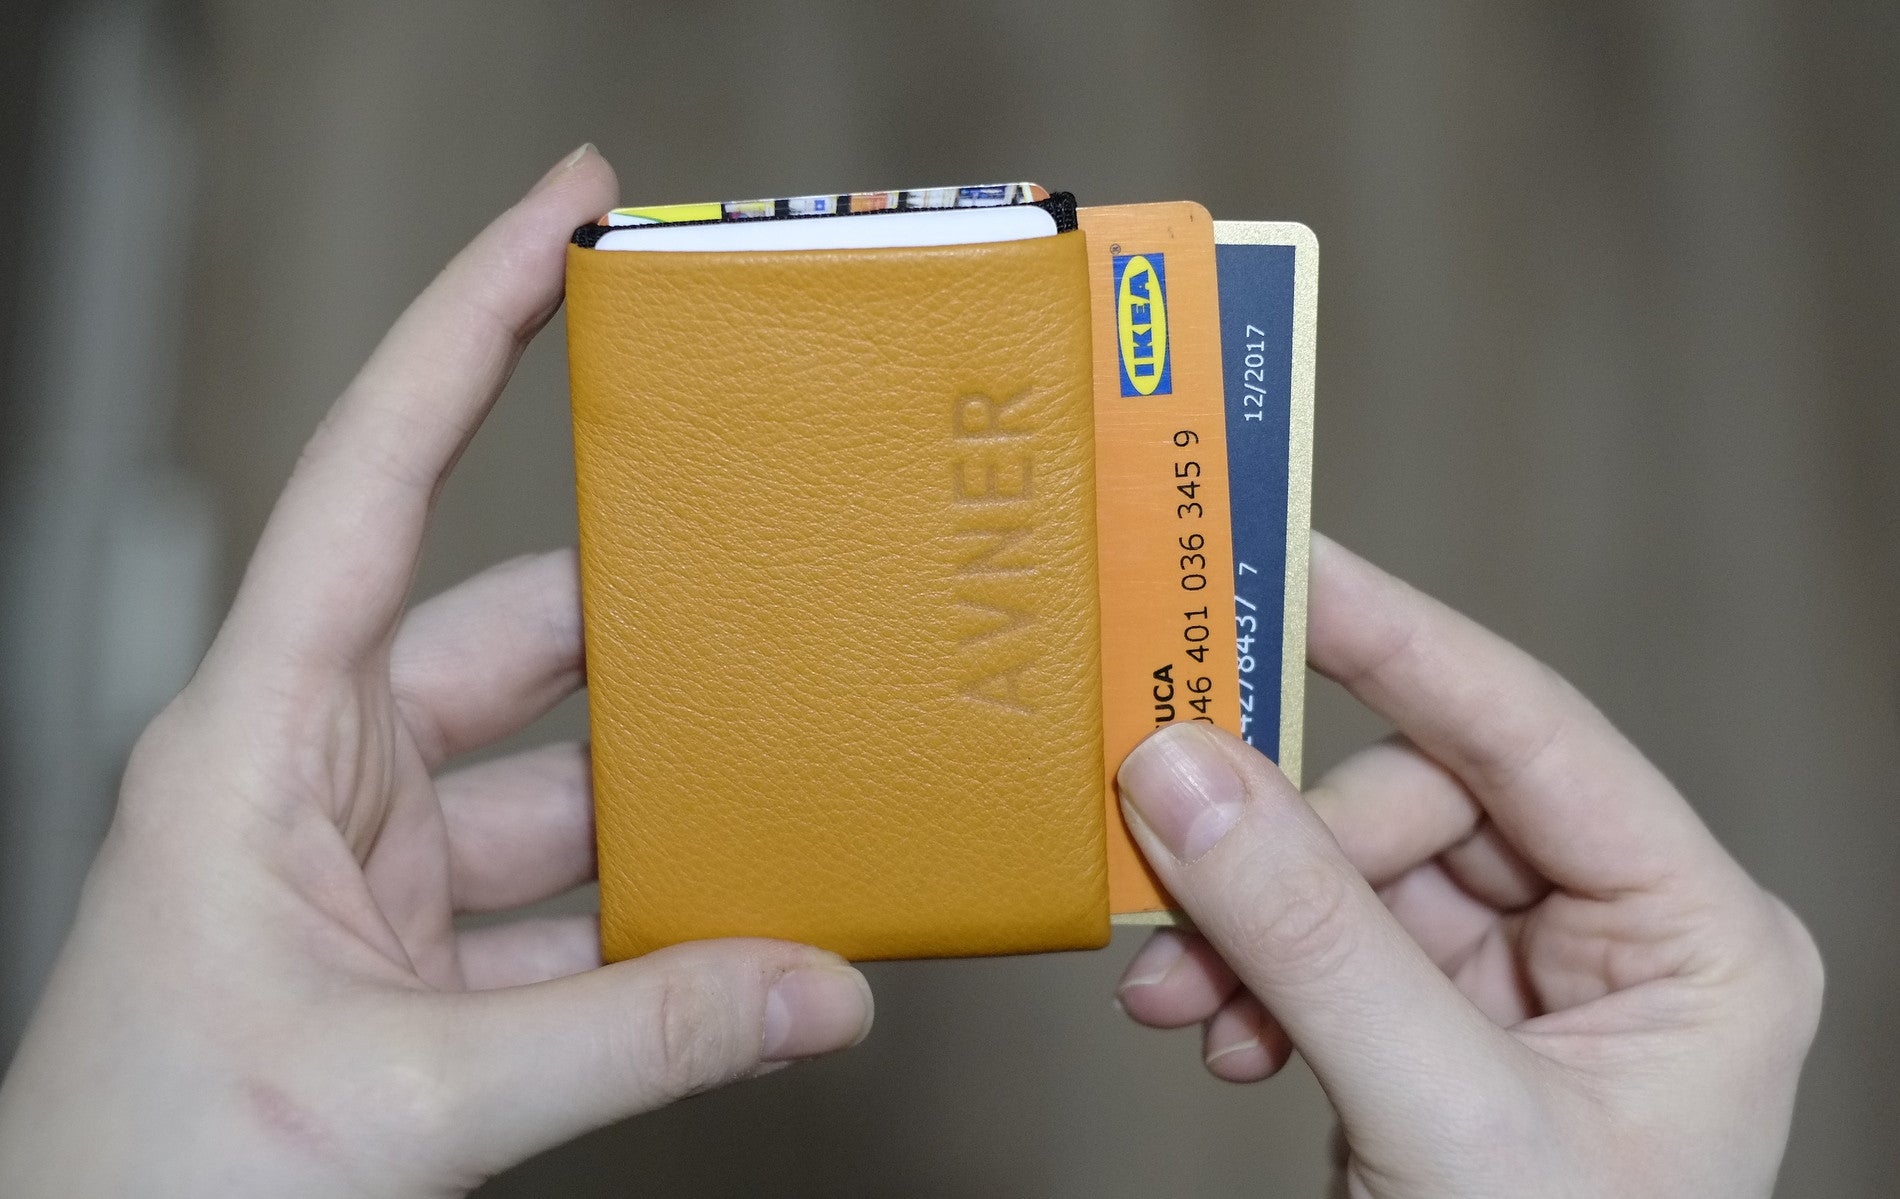 Nero Wallet Leather Slim Mens Wallets RFID Blocking Minimalist Wallet – NERO  - Minimalist Wallets with RFID protection
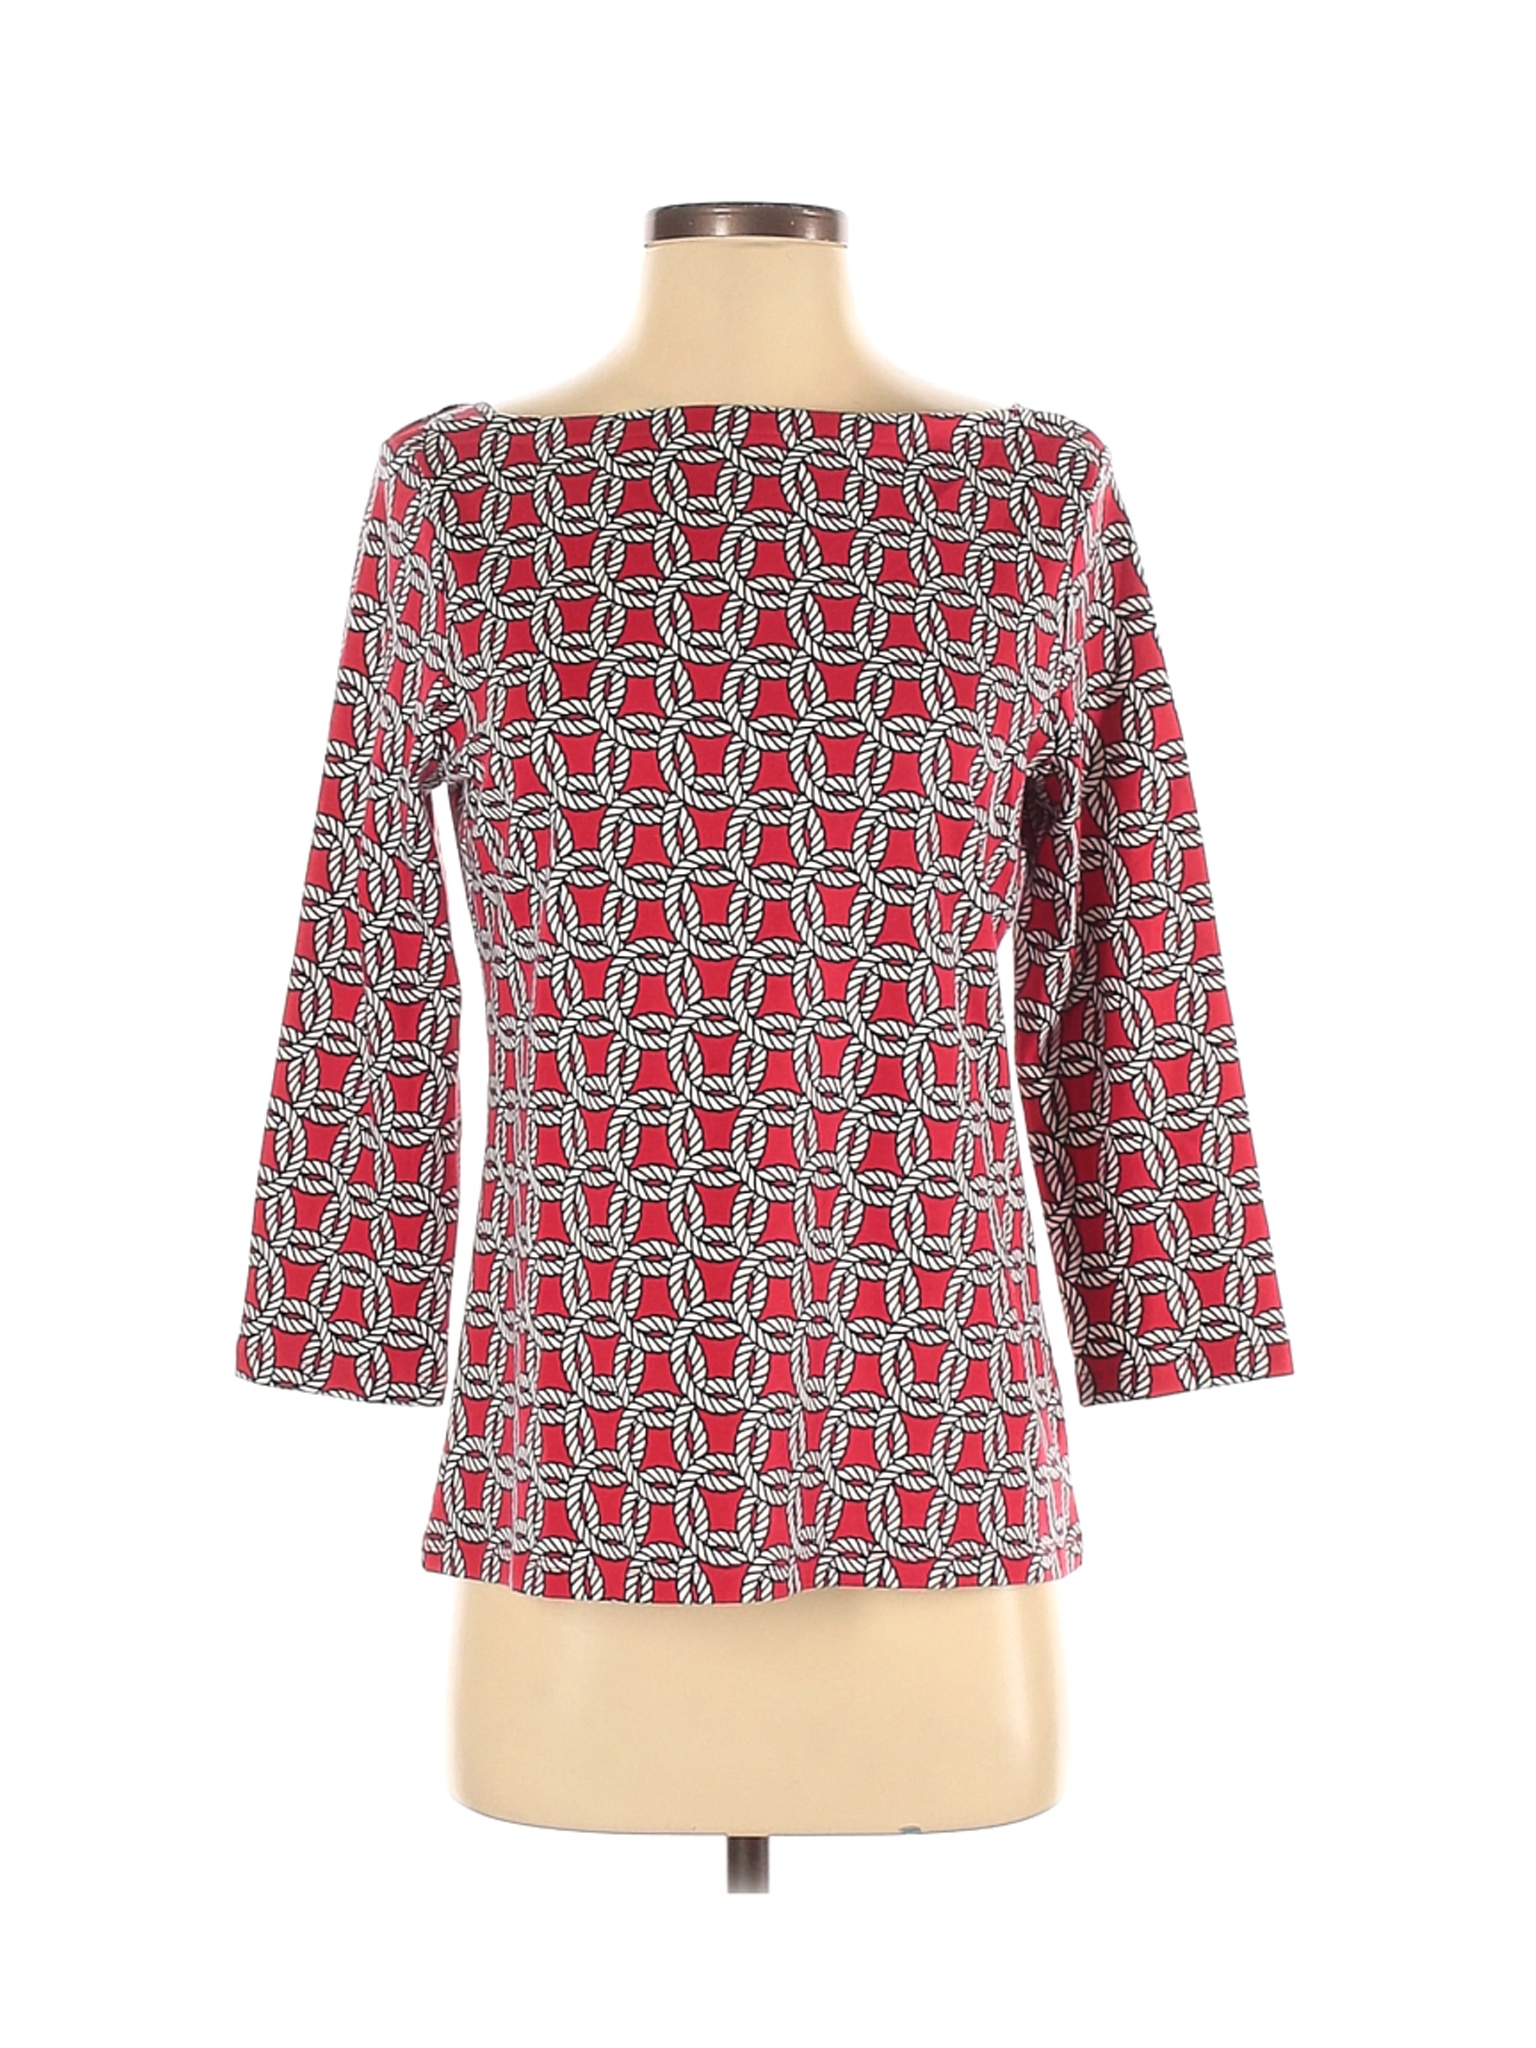 Talbots Women Red 3/4 Sleeve Top S | eBay
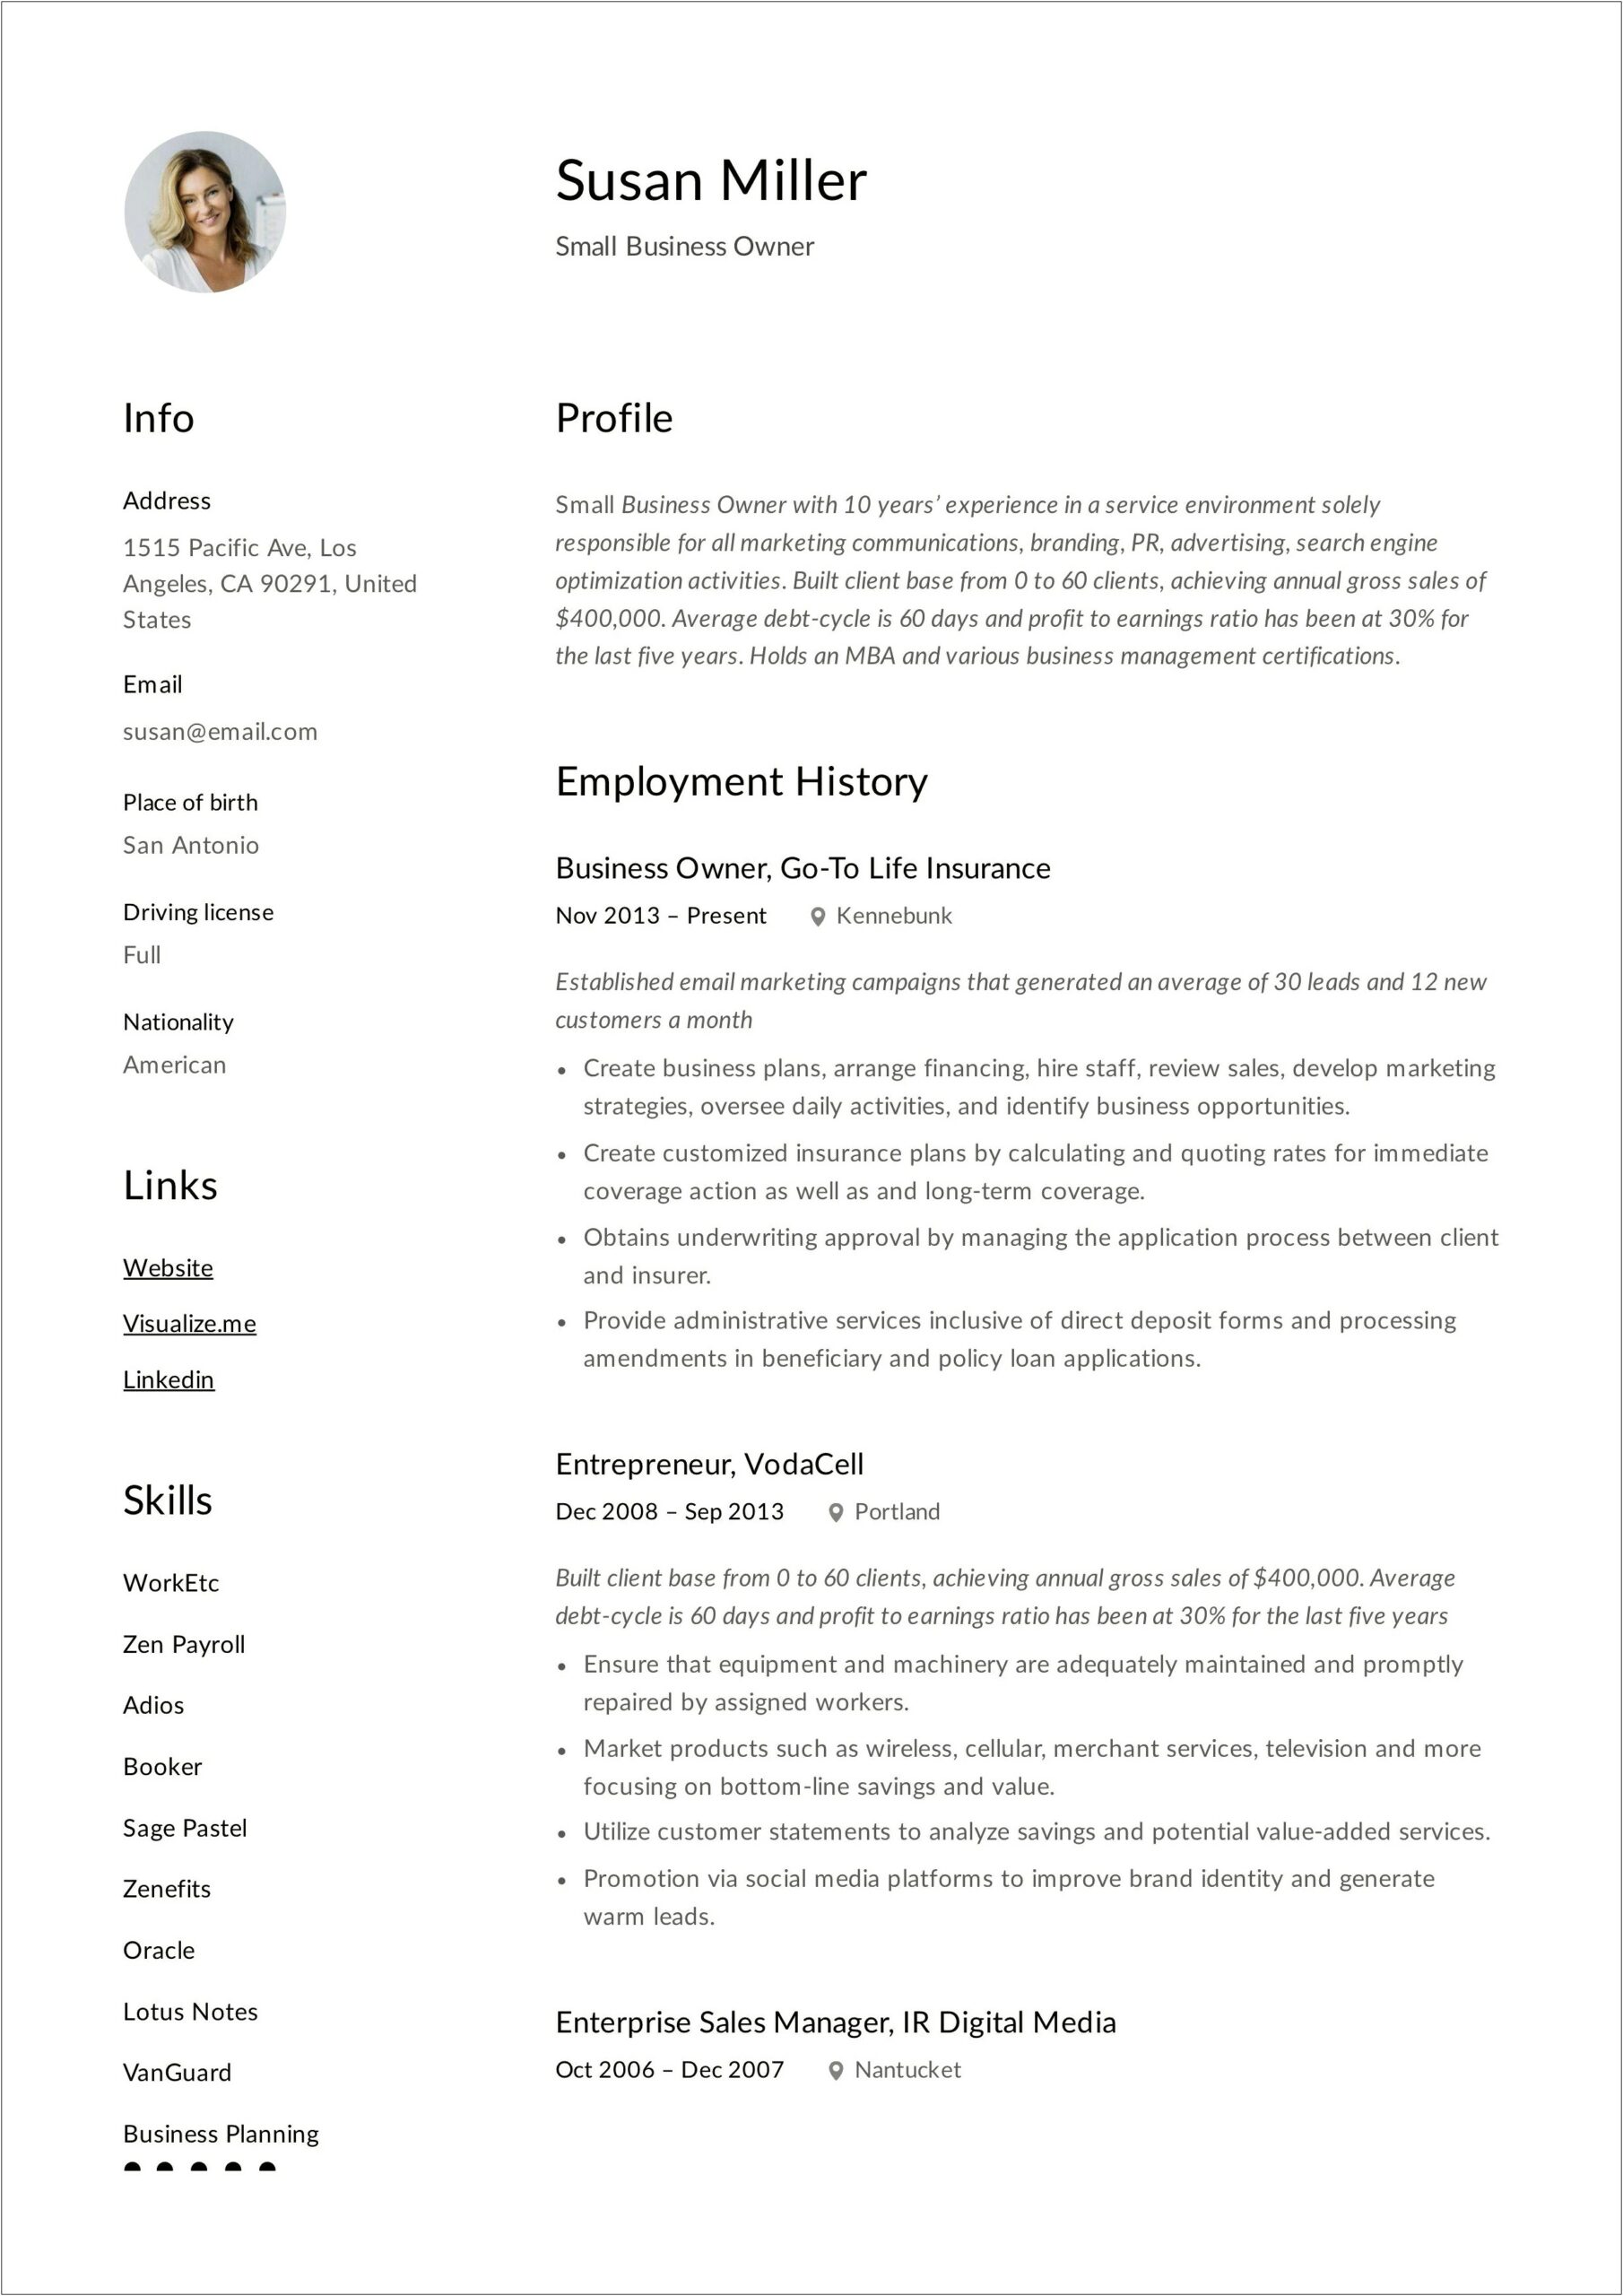 Sample Resume For Former Business Owner

_Problem to solve_: Omit pictures; set down the rest of the material word for word.

_Result_:
 Nero Wallet Leather Slim Mens Wallets RFID Blocking Minimalist Wallet – NERO  - Minimalist Wallets with RFID protection
 Talbots Women Red 3/4 Sleeve Top S | eBay
 Sample Resume For Former Business Owner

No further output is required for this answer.